Aucun parti politique, existant ou à venir, ne sera à  même de changer seul la donne à gauche.  Il n'y aura pas,  à échéance  de plusieurs années, une organisation unifiée des 'antilibéraux' ou 'anticapitalistes', et nous le regrettons.

La LCR ne dérogera pas à sa ligne de construction du Nouveau Parti Anticapitaliste, le PCF  est loin d'en avoir fini avec l'introspection.  Le travail sur le projet et les formes politiques dessinant une alternative est encore en cours, mais nous pouvons franchir une première étape par la convergence, dans leur diversité, des organisations, courants, collectifs, et au-delà, de dizaines de milliers de femmes et d'hommes engagés dans les combats féministes, écologistes, sociaux, démocratiques, altermondialistes.


Les Alternatifs approuvent donc la proposition d'Etats généraux de la gauche de transformation sociale et écologique, portée notamment par les collectifs unitaires, et se félicitent du succès de l'appel 'Rassembler' des Bouches-du Rhône, démarches visant à rassembler la gauche de transformation sociale et écologique, la gauche antilibérale.

Si un certain nombre de formations politiques ne s'associaient pas à la démarche de convergence, nous ne baisserons pas les bras, et proposerons l'organisation d'états généraux de la gauche unitaire de transformation sociale et écologique, permettant à tous les secteurs unitaires du camp antilibéral de réfléchir et agir ensemble.

A ce stade du processus, plutôt que la fusion dans un parti commun de gauche critique, l’organisation de la convergence pourrait combiner une alliance permanente de différentes structures politiques, et une structuration à la base unitaire et ouverte.

Cette recherche opiniâtre de la convergence des forces de la gauche de gauche, n'est pas contradictoire avec notre volonté de renforcer et rassembler les forces alternatives autogestionnaires et écologistes au sein d'une organisation commune. Nous affirmons notre disponibilité à tous pas en avant dans ce sens, et faisons dès à présent de premières propositions sur la nature de l'organisation à construire.


NOUS VOULONS UN PROJET ALTERNATIF

Pour répondre à la crise sociale, la crise de la démocratie
représentative, la crise écologique.  C'est à partir de la pleine prise en compte de ces trois éléments majeurs que se construit un projet alternatif.
En germe dans les luttes sociales auto organisées, prenant en compte les acquis du mouvement altermondialiste (échanges sur un pied d'égalité entre mouvements syndicaux, associatifs, politiques, internationalisme altermondialiste, refus des paradigmes réducteurs 'rouge' ou 'vert' et recherche des synthèses).

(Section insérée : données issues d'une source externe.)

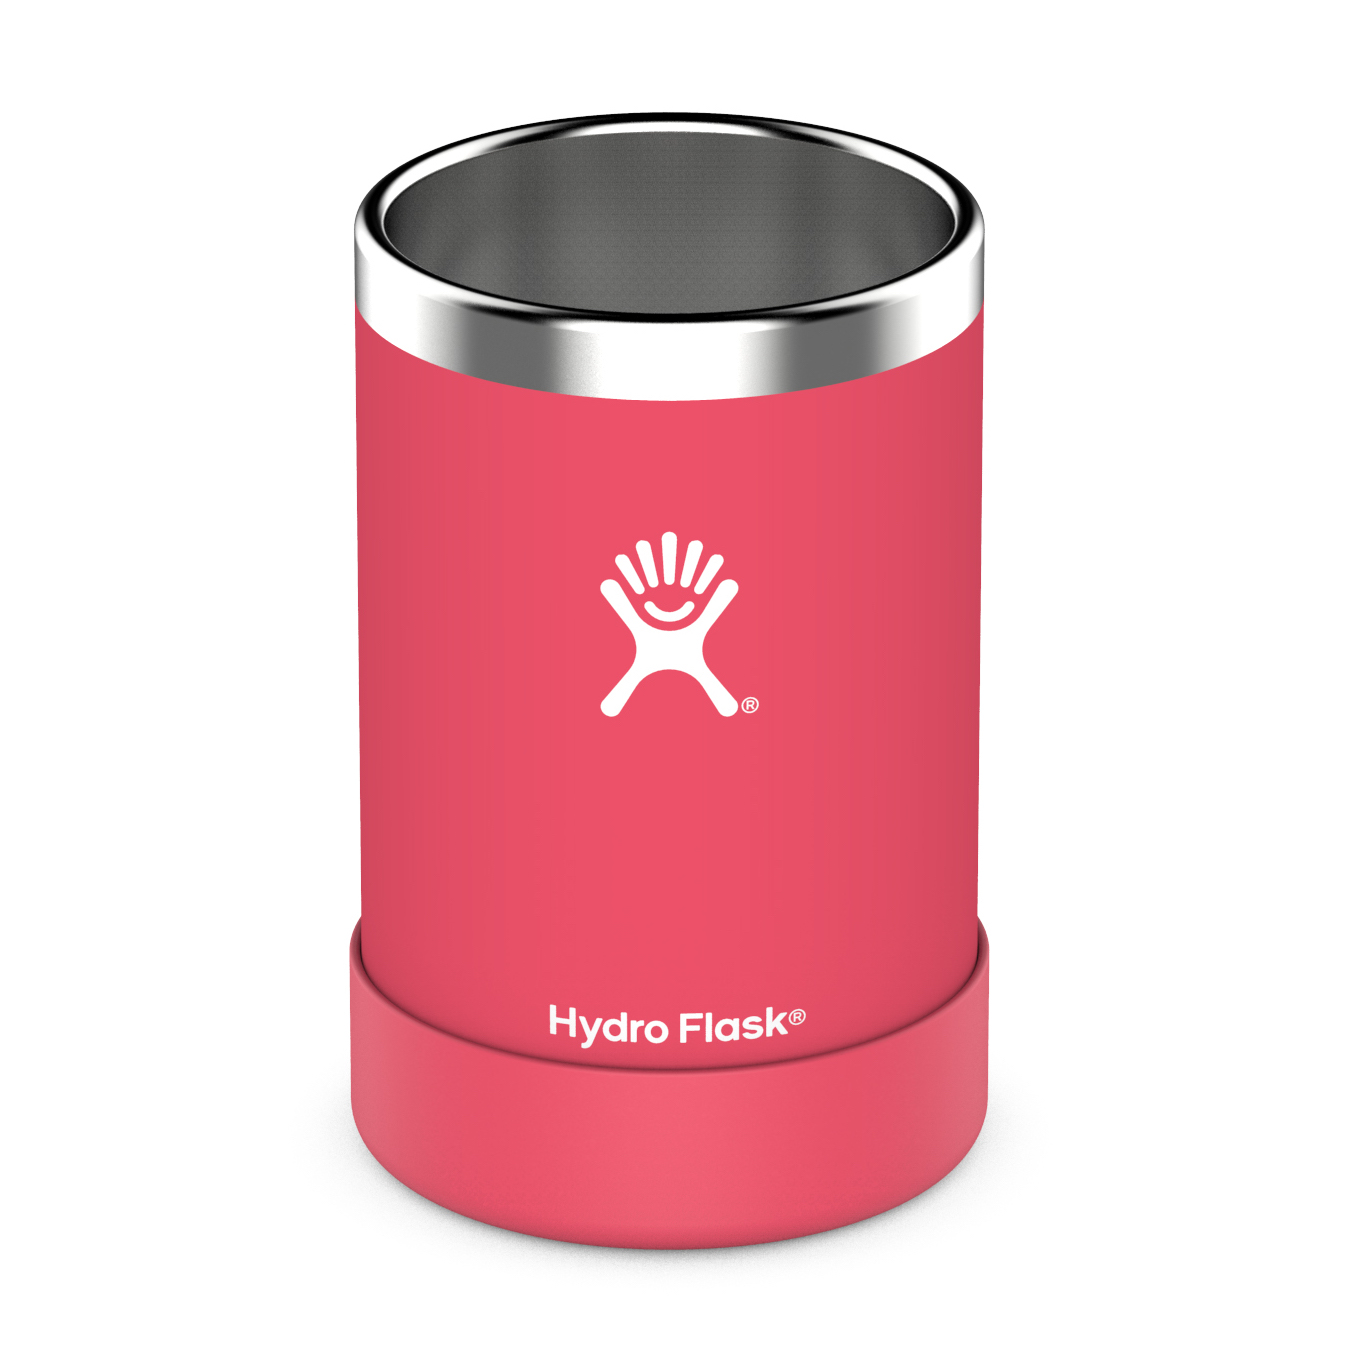 https://www.outdoorsportswire.com/wp-content/uploads/2018/07/2-HydroFlask-CoolerCup-Watermelon-Rendering-Spring2019.jpg

Tirant le bilan de l'échec historique des deux modèles dominants au sein du mouvement ouvrier.

Un projet rouge, vert, autogestionnaire, féministe, altermondialiste sera à même d'exprimer la diversité des champs d'action, des formes organisées sociales et politiques, pour permettre la convergence des résistances et bâtir une perspective d'ensemble.

Dans un monde ravagé par le capitalisme mondialisé, l'anticapitalisme doit être le fil rouge de ce projet.  Le féminisme et l'écologie en sont partie intégrante et ne sont pas les contradictions secondaires de l'anticapitalisme qui serait la contradiction principale.

Simplement, même si les dégâts  dans le  milieu naturel sont vieux comme l'humanité,  ils prennent sous le règne du productivisme capitaliste l'allure d'une catastrophe permanente, et même si la domination subie par les femmes a sa logique et son autonomie propres, elle recoupe l'organisation capitaliste du travail où les femmes occupent toujours, pour le plus grand nombre, une place subalterne.


Quant à l’autogestion, elle n’est ni un supplément d’âme ni un objectif lointain pour les lendemains de la prise du pouvoir.  L’autogestion est une exigence immédiate, but et moyen à la fois, pratique dans les luttes et aspiration dans le fonctionnement même des structures associatives, syndicales, politiques. Réapparue en Amérique Latine, elle est vivace dans l’entreprise comme dans la vie de la cité à travers les aspirations tenaces à la démocratie dite participative.

Il s'agit d'avancer sur tous les fronts à la fois. Cette synthèse, permettra de se situer clairement à gauche, et de reprendre le flambeau de l'émancipation sociale,  raison d'être et notion fondatrice de la gauche, des mains de la gauche traditionnelle en pleine débandade.



VERS UNE NOUVELLE FORME D'ORGANISATION POLITIQUE, VERS UN PARTI/MOUVEMENT

Pour résister à l'exploitation, aux discriminions, aux oppressions, il faut s'organiser. Dépasser la  juxtaposition des expériences sociales et locales sectorielles, construire un lieu d'échange et de propositions politiques, stratégiques, brassant les engagements, permettant la mise en commun de forces pour gagner.

Mais le besoin d'organisation politique ne peut pas plus ignorer les contradictions de la société telle qu'elle est, que les échecs des forces politiques autoritaires et centralistes ou digérées par l'institution et le compromis érigé en stratégie.

Les Alternatifs proposent de construire un nouveau type d'organisation politique, qu'ils expérimentent déjà en leur sein.

La question de la démocratie interne  est cruciale. il faudra inventer en marchant. Mais il est possible d'avancer dès aujourd'hui des orientations.  Il faut rompre avec le centralisme et la verticalité, formes dominantes dans presque toutes les tendances du mouvement ouvrier, et donner la priorité aux formes de décisions les plus démocratiques dans la perspective d'une organisation autogestionnaire.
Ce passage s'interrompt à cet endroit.